(Beginning of Dataset excerpt)
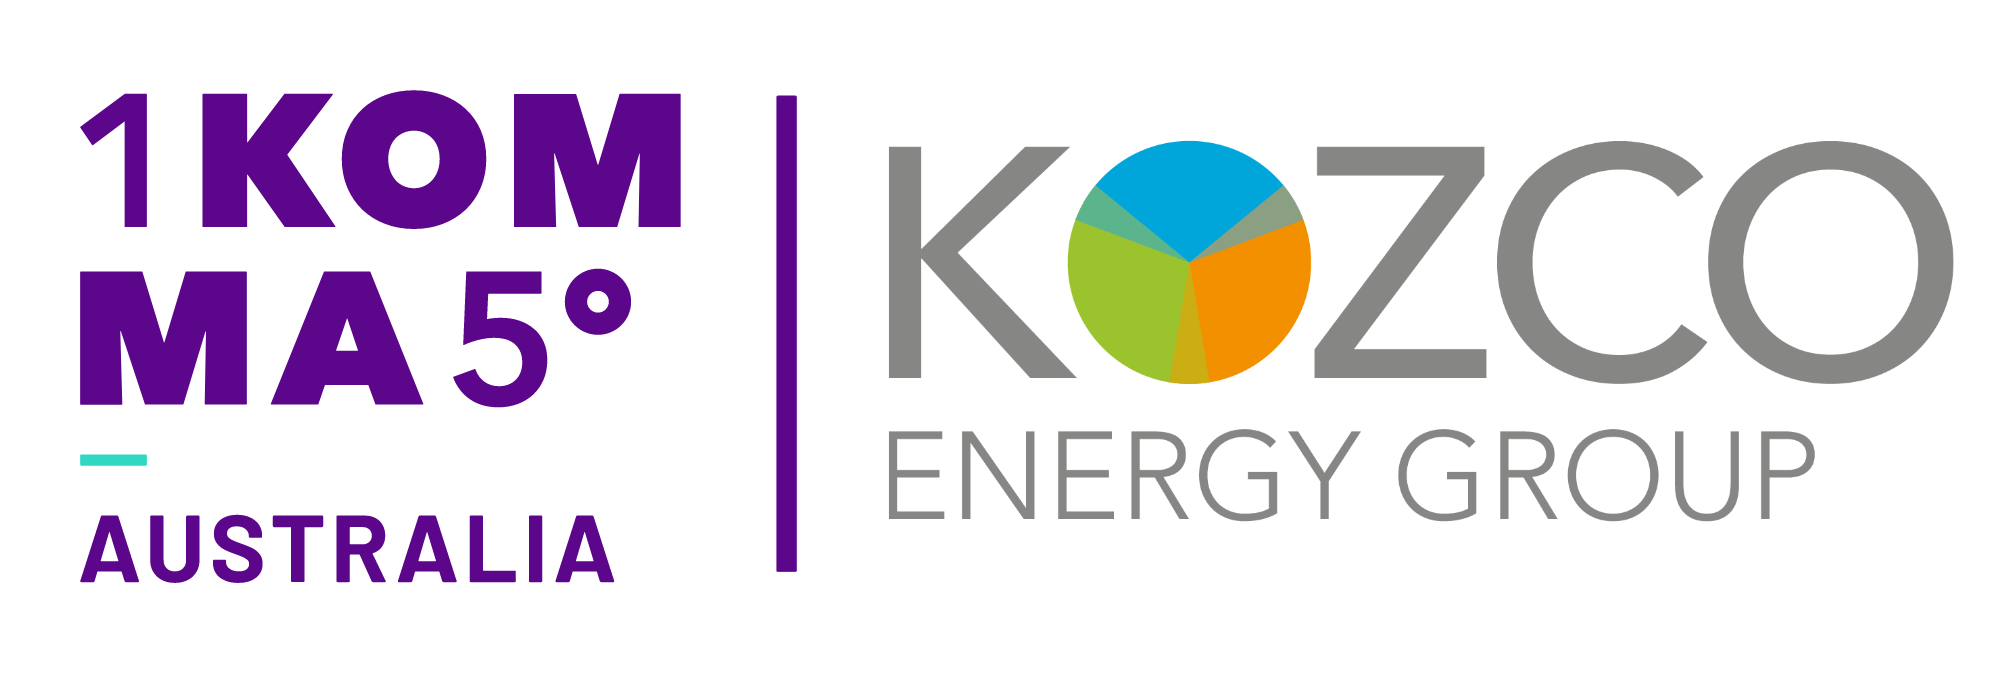 Kozco Energy Group Logo
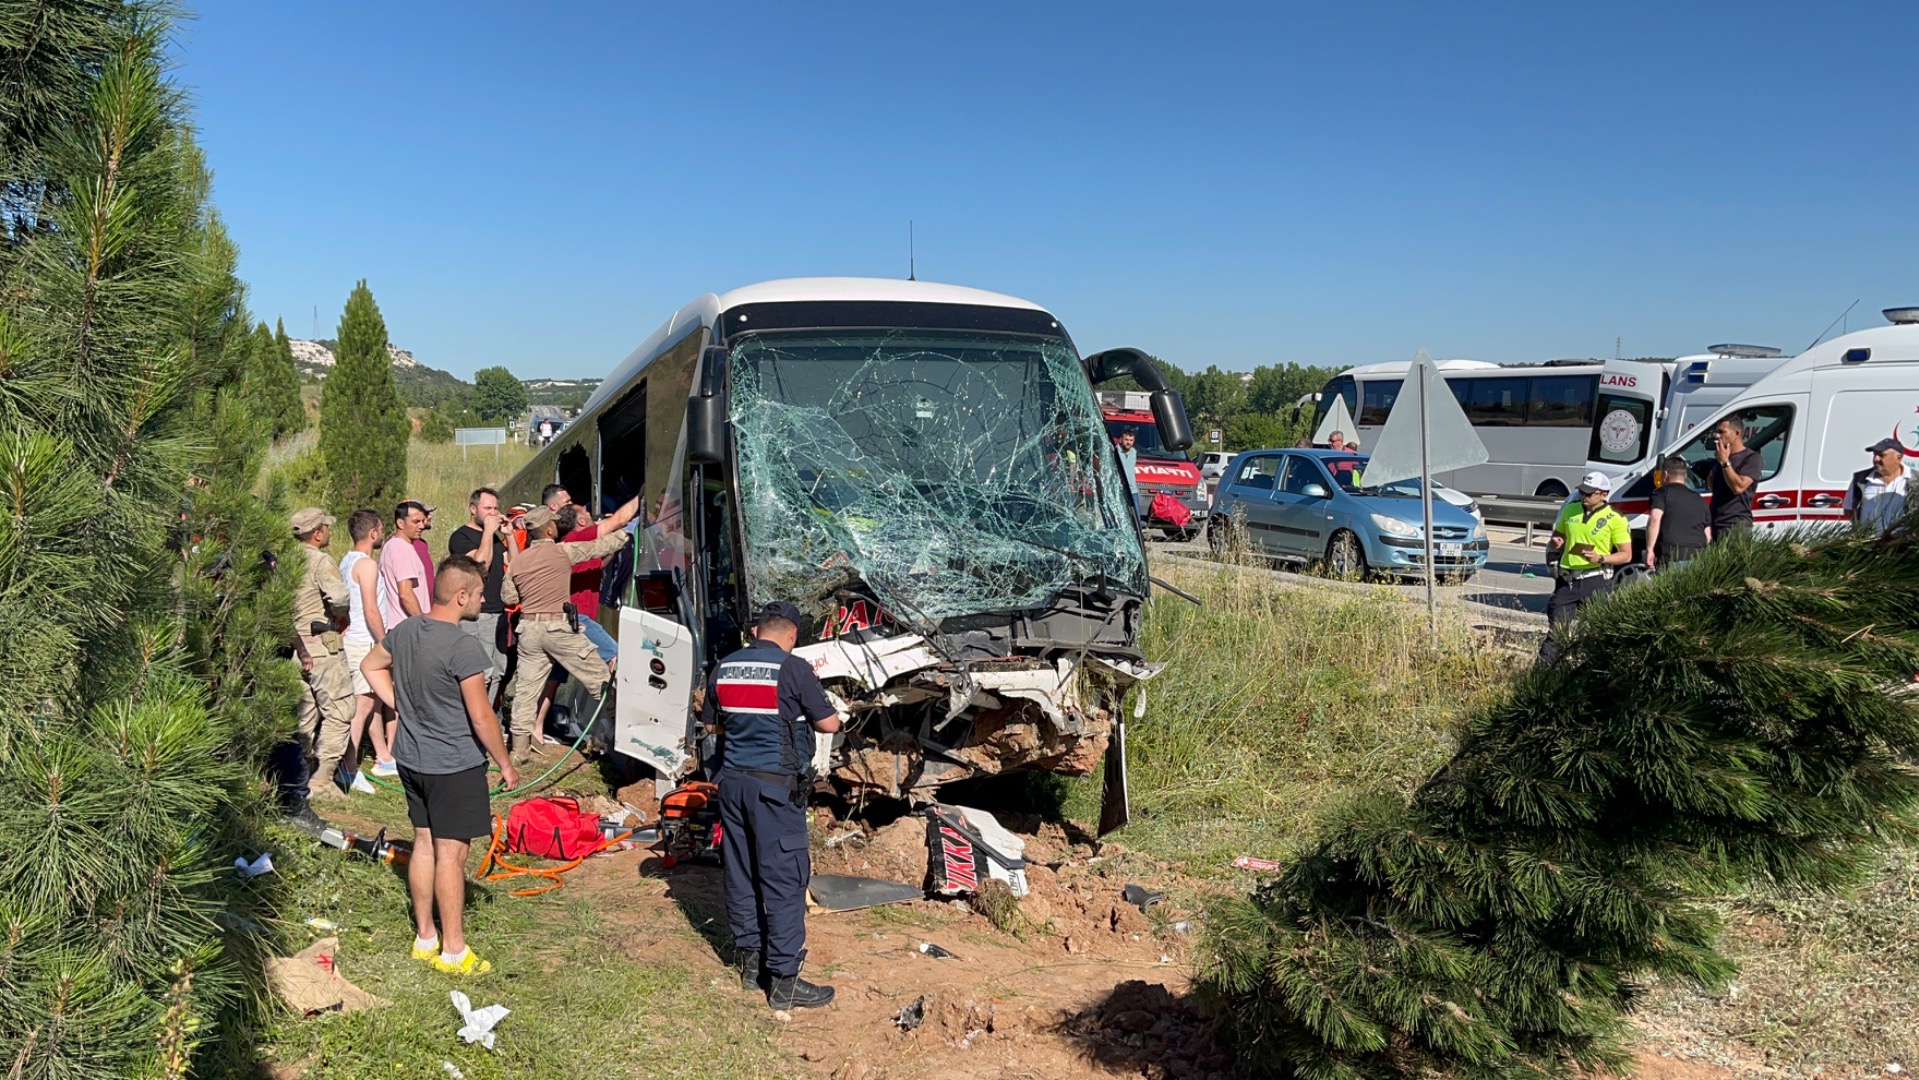 Eskişehir’e giden Bodrum otobüsü yoldan çıktı: 35 yaralı
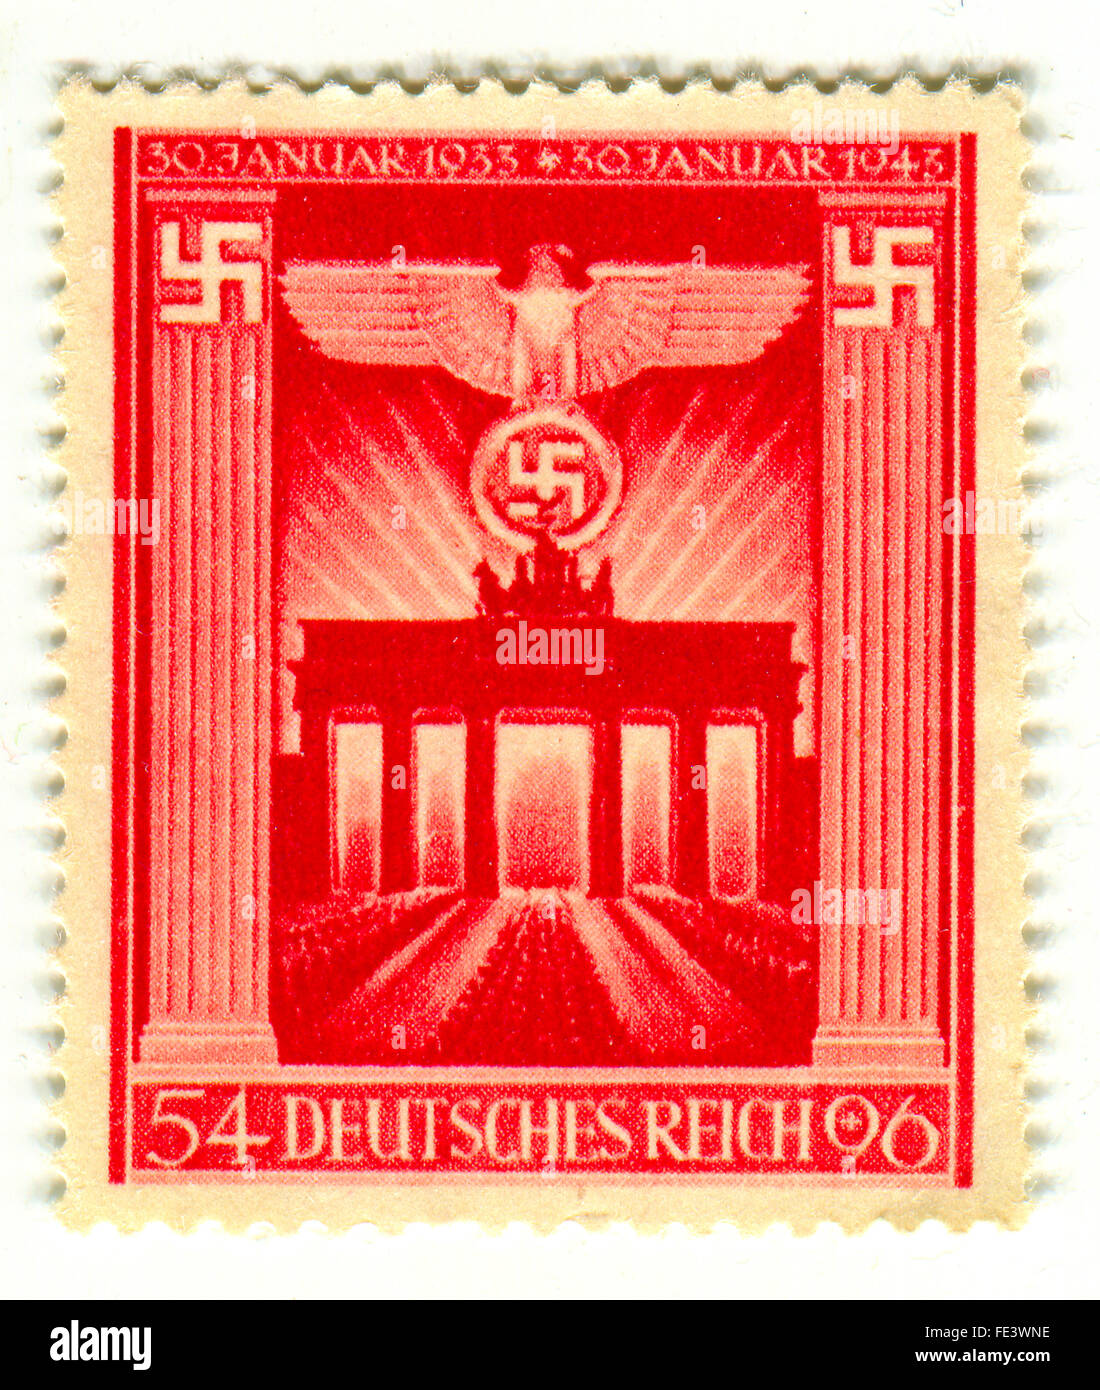 Un timbre imprimé en Allemagne montre image de l'anniversaire de l'Empire allemand, vers 1943. Banque D'Images
(End of Dataset excerpt)
[Instructions for the task]:
The whole listing must come back verbatim, with no pictures included.

[Written answer]:
 Kozco Energy Group Logo
 Eskişehir’e giden Bodrum otobüsü yoldan çıktı: 35 yaralı
 Un timbre imprimé en Allemagne montre image de l'anniversaire de l'Empire allemand, vers 1943. Banque D'Images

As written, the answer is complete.